Another literal translation from English   In Mainland, 死線 is more likely to be interpreted as 'Death Ray'.


----------



## SuperXW

Jerry Chan said:


> deadline自然是(截止)期限, 但在香港, 我發現「死線」這個詞越來越常用
> 不知其他地區有沒有這情況?


I haven't found the usage of 死線 being popular in the Mainland.
If you speak out 死線 with Mandarin, it will sound identical to 死限. This could cause some confusion.
By saying 死限, you refer to someone's day of death, or less possibly, you emphasize that there are some unbreakable limitation or deadline.


----------



## BODYholic

stellari said:


> If I do not have to explicitly put a noun form of 'the deadline' in the sentence, the best way I can think of  (in a very formal tone) is:
> 
> 奖学金的申请将于本周五截止。
> 
> Yes I believe this one is better than what I originally suggested (in which I attempted to respect the OP's original sentence structure).



While people in our region rarely (but yes we do) use 本周五, it does sound a lot more formal than 这个星期五. And as a whole, it  makes the sentence, in my opinion, more balance. 




Skatinginbc said:


> After browsing through the search results in   your link, I found that most of the quotations came from Singapore and   Malaysia, both being former British colonies.  It seems to support,   rather than to weaken, Stellari's theory that 来临的+day is a loan   translation.  It is further supported by the fact that the expression is   considered "foreign" (strange and non-standard) in both China   (according to Stellari) and Taiwan (as far as I know).

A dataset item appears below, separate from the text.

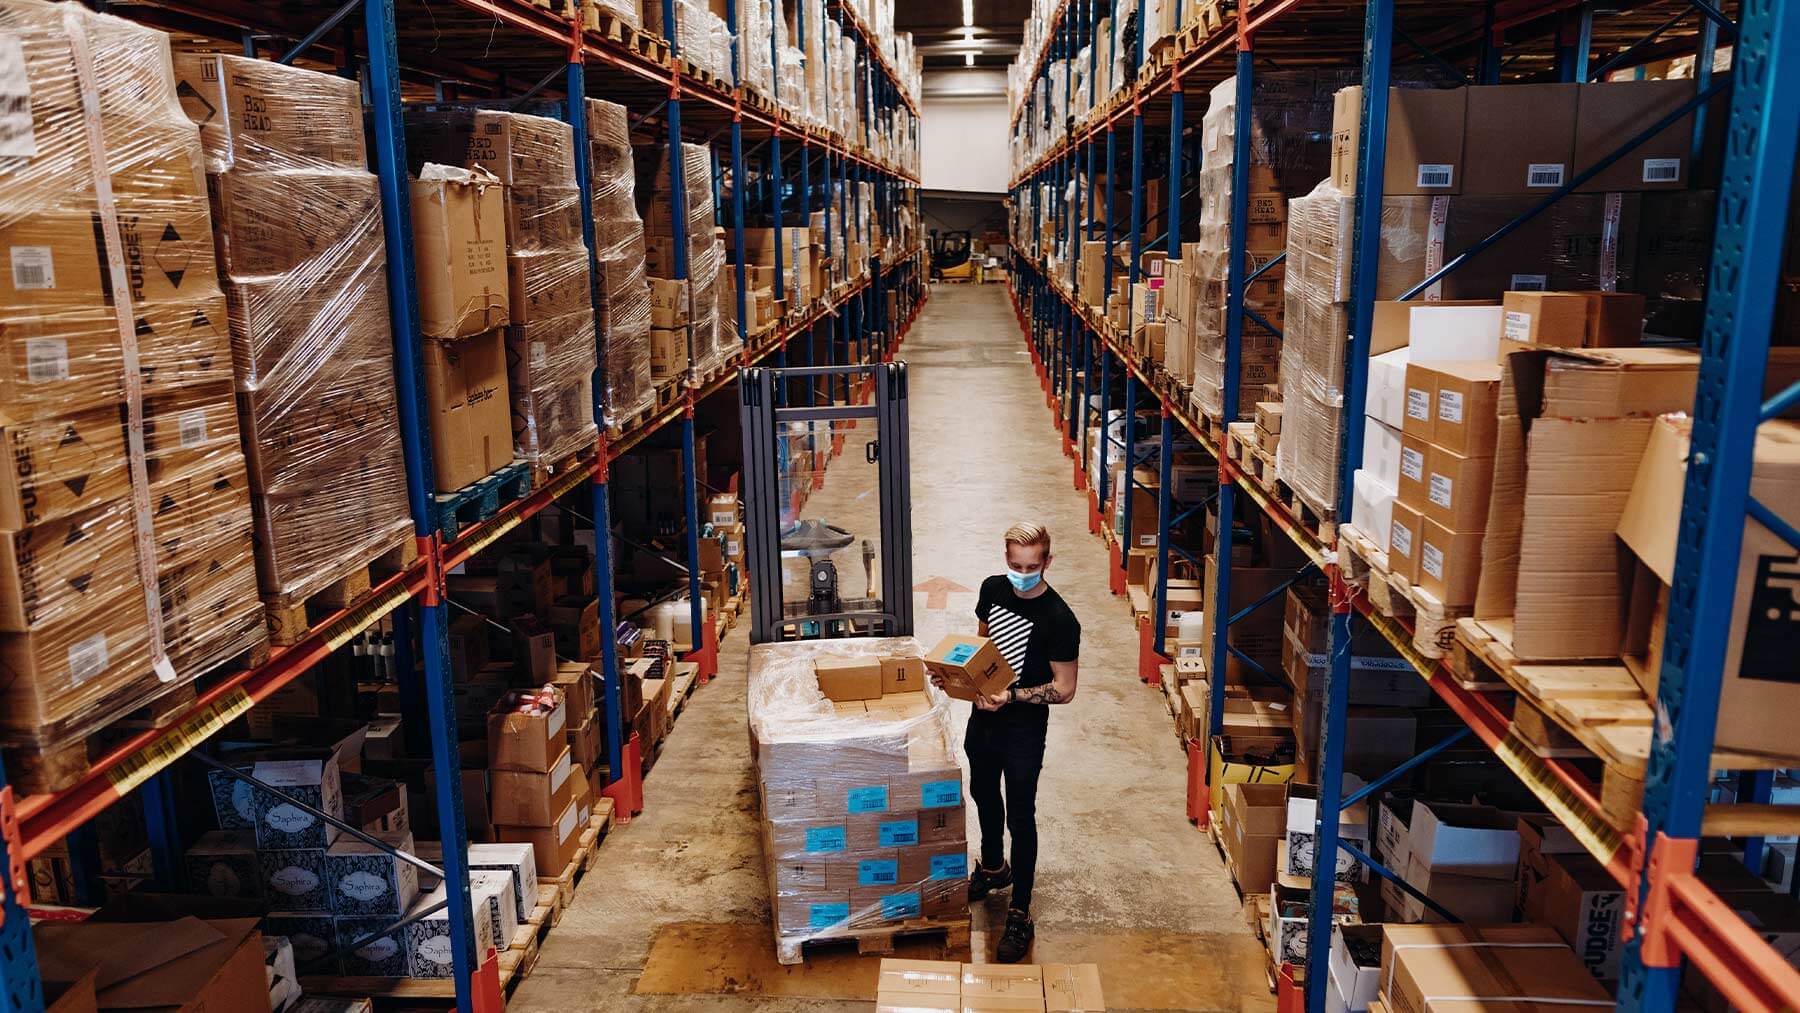 En ung kille med munskydd arbetar ensam i en stor lagerlokal.

Thanks for your observations. While I do find a small number of articles from the Google's SERP originated from Taiwan, I agree with you most of them were from the 南洋 region. I guess that explains why native speakers from mainland China (and Taiwan perhaps?) find it foreign/strange but the use of the same expression is like a second nature to us.


----------